São Paulo – DP World’s operations in Brazil drove its results in the first half of this year, it said on Thursday (17). The Dubai-based port operator owns one of Brazil’s largest private seaports, DP World Santos, in the Port of Santos, São Paulo.
The company ascribed a drop in profit to consolidation of DP World Santos and deconsolidation of its Doraleh terminal in Djibouti. It also imputed a hike in revenues in Australia and the Americas – whose results it releases in tandem – to DP World Santos’ consolidation, among other factors.

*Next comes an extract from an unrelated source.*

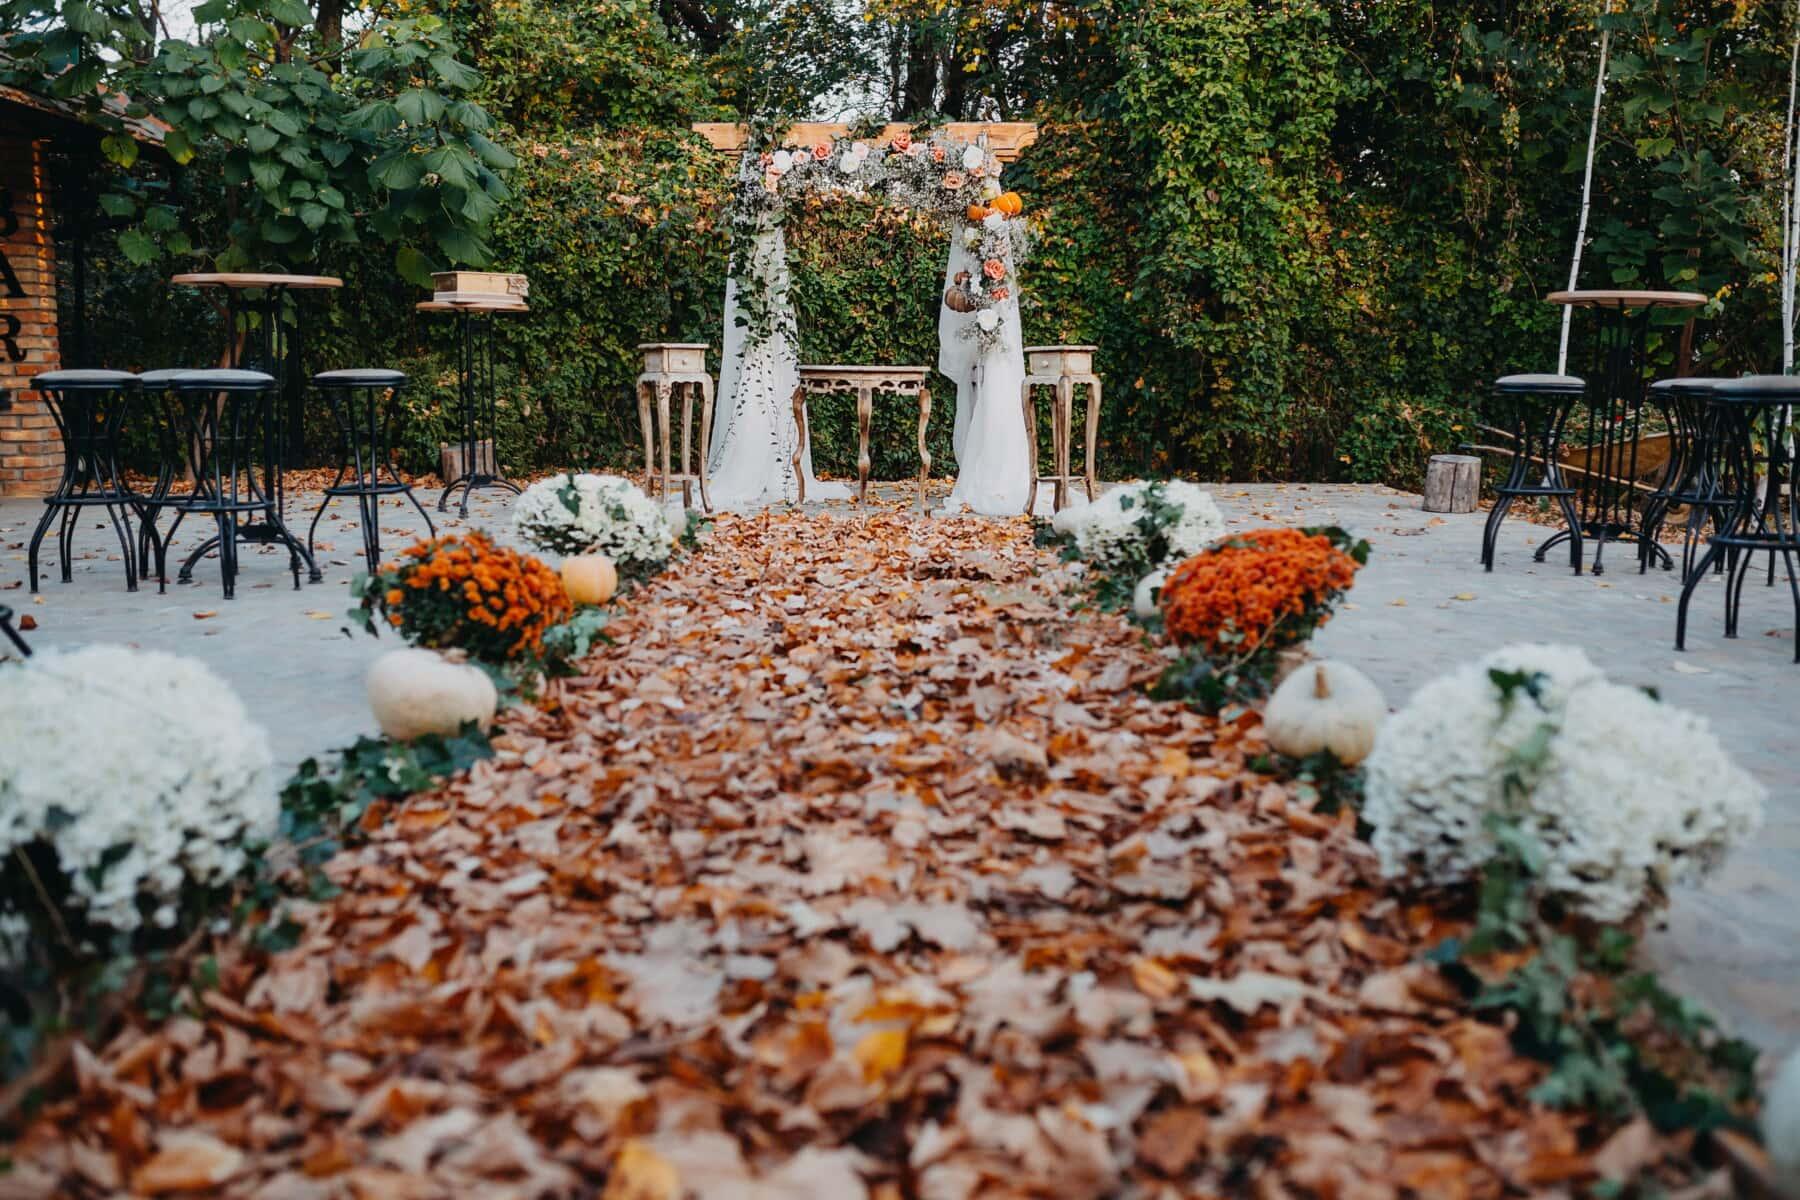 Hochzeitsort, Dekoration, Gehweg, gelbe Blätter, Herbst, Herbstsaison, Braun, Garten, Blatt, Blume

DP World Santos, formerly Empresa Brasileira de Terminais Portuários (Embraport), had its name changed late last year after the Dubai-based conglomerate acquired 100% of the terminal’s capital. It formerly retained slightly over 30% in the operation, before purchasing the remainder from Odebrecht TransPort. Launched in 2013, the terminal and boasts an annual capacity of 1.2 million TEU.

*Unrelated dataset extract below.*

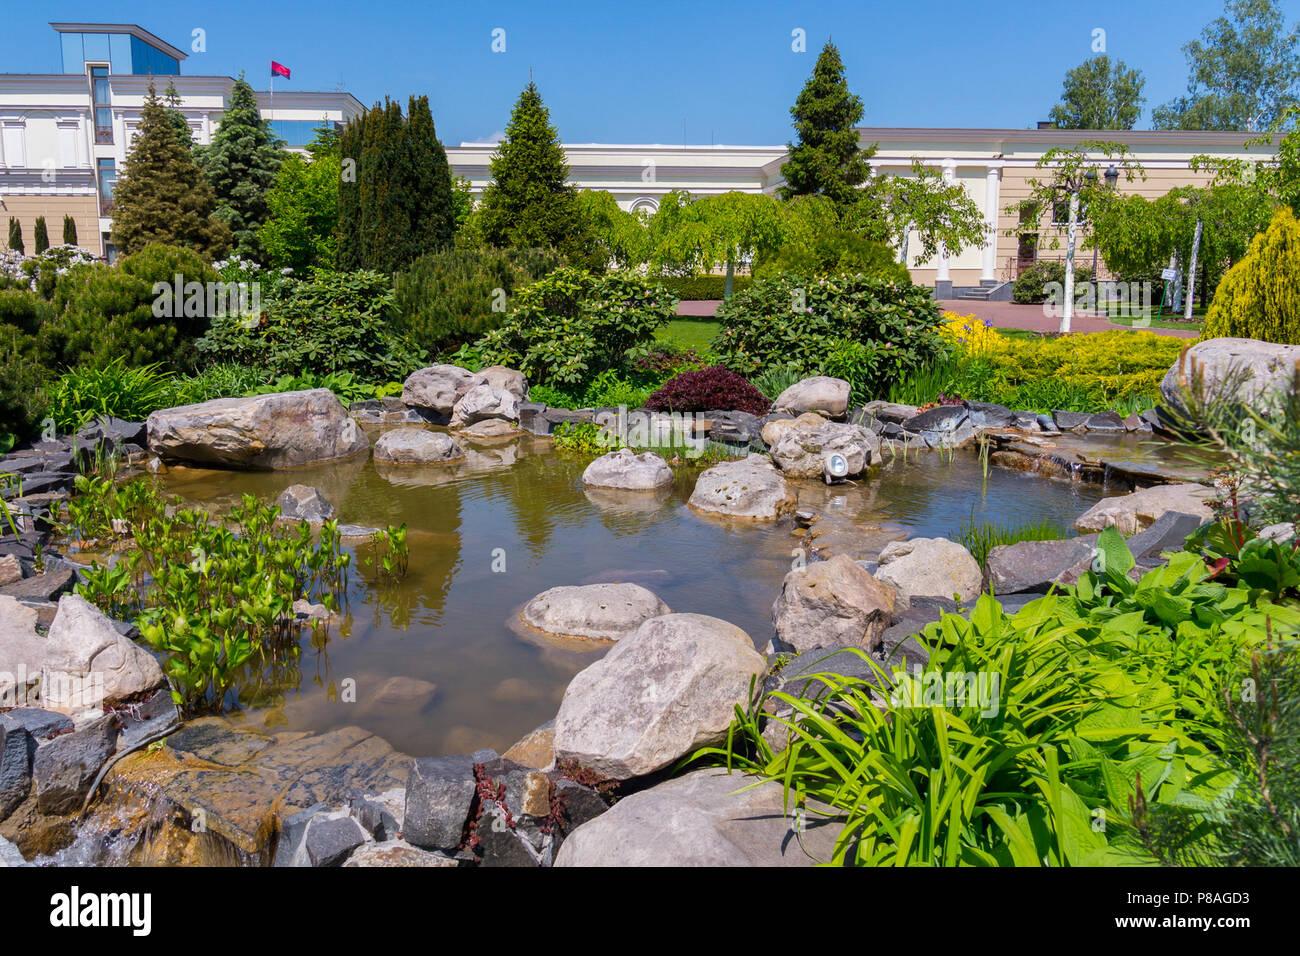 Alberi Ornamentali Da Giardino piantare arbusti ornamentali e alberi vicino a stony piscina

DP World posted USD 2.6 billion in revenues in the first half of this year, up 14.4% from H1 2017, with revenue in Australia and the Americas reaching USD 431 million during H1 2018, up 18.7% year-on-year. Profit slid 8% to USD 629 million.
DP World handled 1.99 million TEU in Australia and the Americas, up 18.2% year-on-year. Besides the consolidation in Santos, the company said its buyout of Peru’s Cosmos Agência Marítima added to revenue results.
Revenue was also driven by increased volumes around the world and other buyouts, including two companies in the United Arab Emirates – Drydocks World LCC and Dubai Maritime City (DCM).
DP World invested USD 439 million in H1, with full-year plans at USD 1.4 billion, including the UAE, Ecuador, Somaliland and the United Kingdom.
“Our balance sheet remains strong and we continue to generate high levels of cash flow, which gives us the ability to invest in the future growth of our current portfolio, and the flexibility to make new investments,” chairman and CEO Sultan Ahmed Bin Sulayem said.